We can eliminate the first of these by combining the first two rows, as shown in Figure 2. Here p-Pred for the first row (cell K23) is calculated as a weighted average of the first two values from Figure 1 using the formula =(J4*K4+J5*K5)/(J4+J5). In a similar manner we combine the 7^{th} and 8^{th} rows from Figure 20.23.

**Figure 2 – Revised Hosmer-Lemeshow Test**

The revised version shows a non-significant result, indicating that the model is a good fit.

**Observation**: The Real Statistics Logistic Regression data analysis tool automatically performs the Hosmer-Lemeshow test. For Example 1 of Finding Logistic Regression Coefficients using Solver, we can see from Figure 5 of Finding Logistic Regression Coefficients using Solver that the logistic regression model is a good fit. For Example 1, Figure 2 of Comparing Logistic Regression Models shows that the model is not a good fit, at least until we combine rows as we did above.

**Observation**: the following supplemental functions can be used to perform the Hosmer-Lemeshow test with exactly 10 equal-sized data ranges.

**Real Statistics Functions**: The Real Statistics Resource Pack provides the following two supplemental functions.

**HOSMER**(R1, *lab, raw, iter*) – returns a table with 10 equal-sized data ranges based on the data in range R1 (without headings)
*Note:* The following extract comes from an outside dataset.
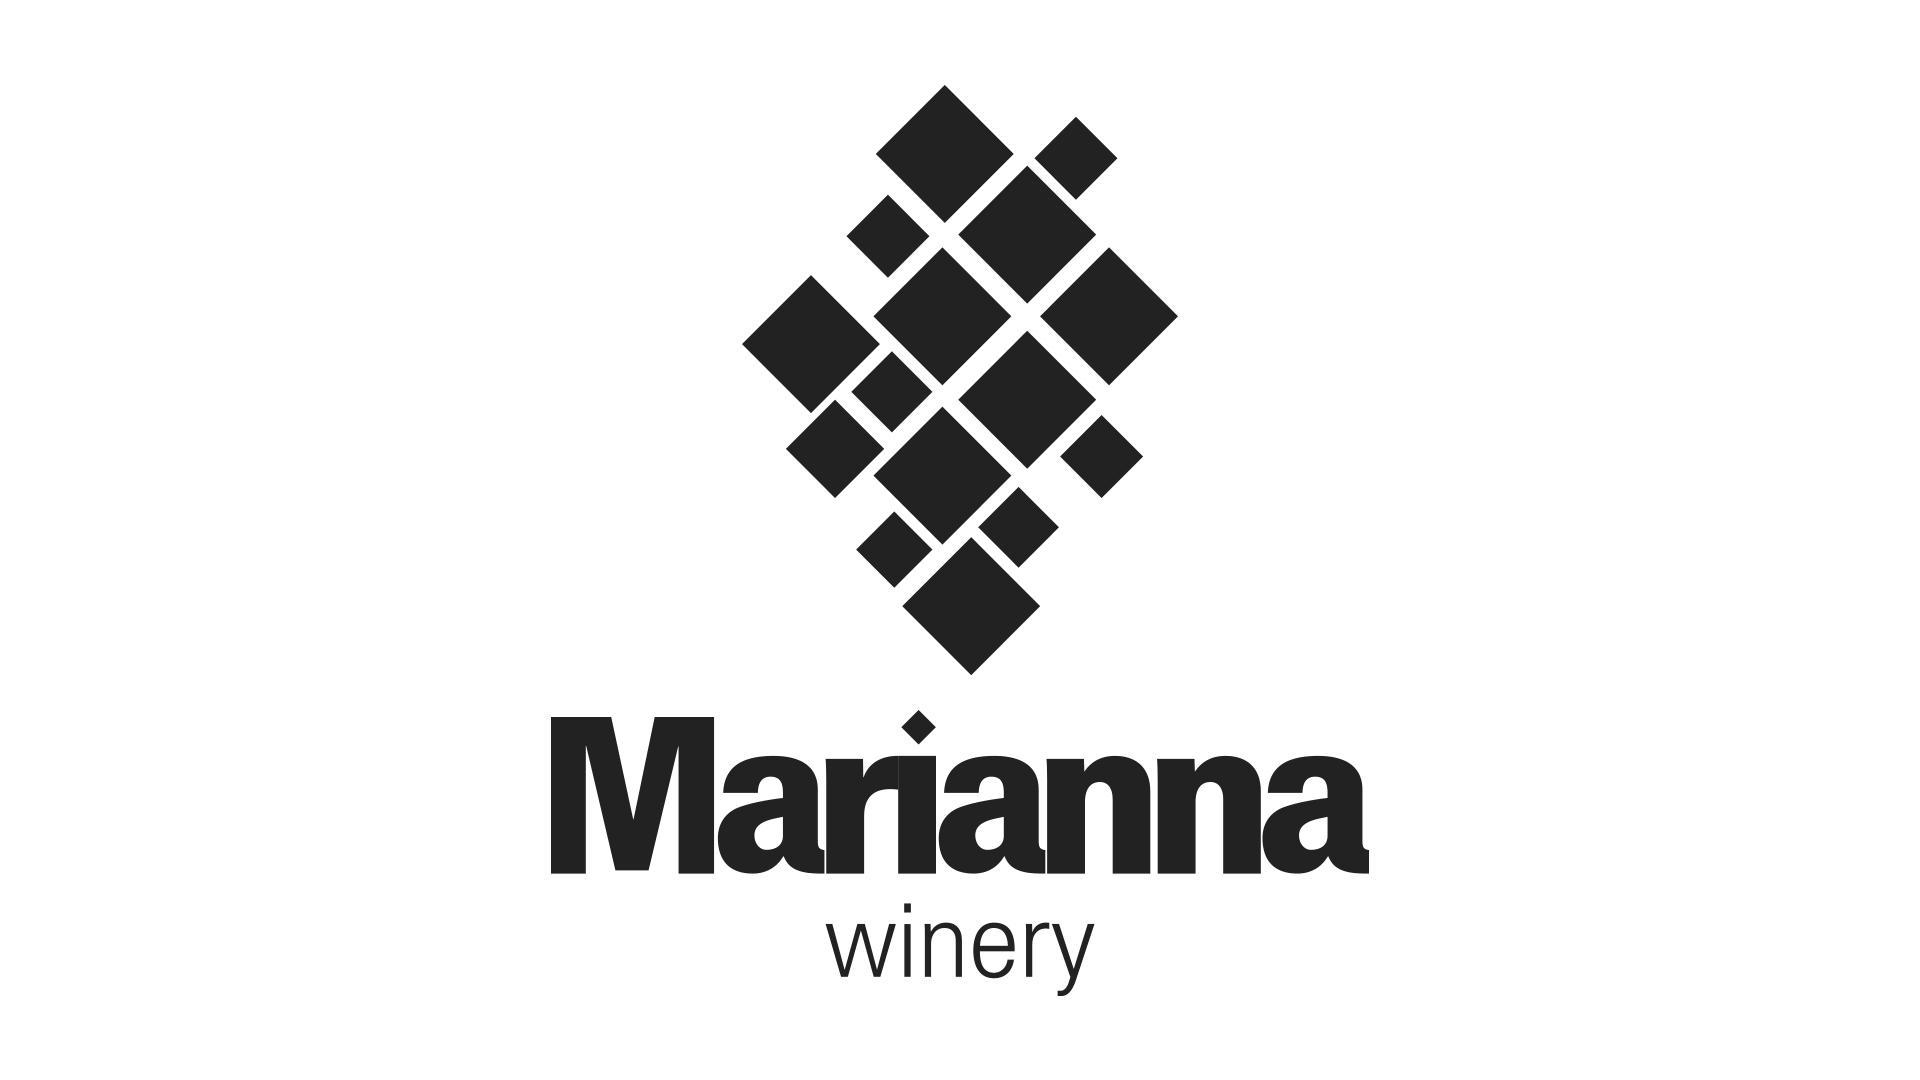 Marianna_logo

**HLTEST**(R1, *lab, raw, iter*) – returns the Hosmer statistic (based on the table described above) and the p-value.

When *lab* = True then the output includes column headings and when *lab* = False (the default) only the data is outputted. When *raw* = True then the data in R1 is in raw form and when *raw* = False (the default) then the data in R1 is in summary form. The parameter *iter* determines the number of iterations used in the Newton method for calculating the logistic regression coefficients; the default value is 20.

**Observation**: We repeat Example 1 using these two functions, obtaining the results shown in Figure 3.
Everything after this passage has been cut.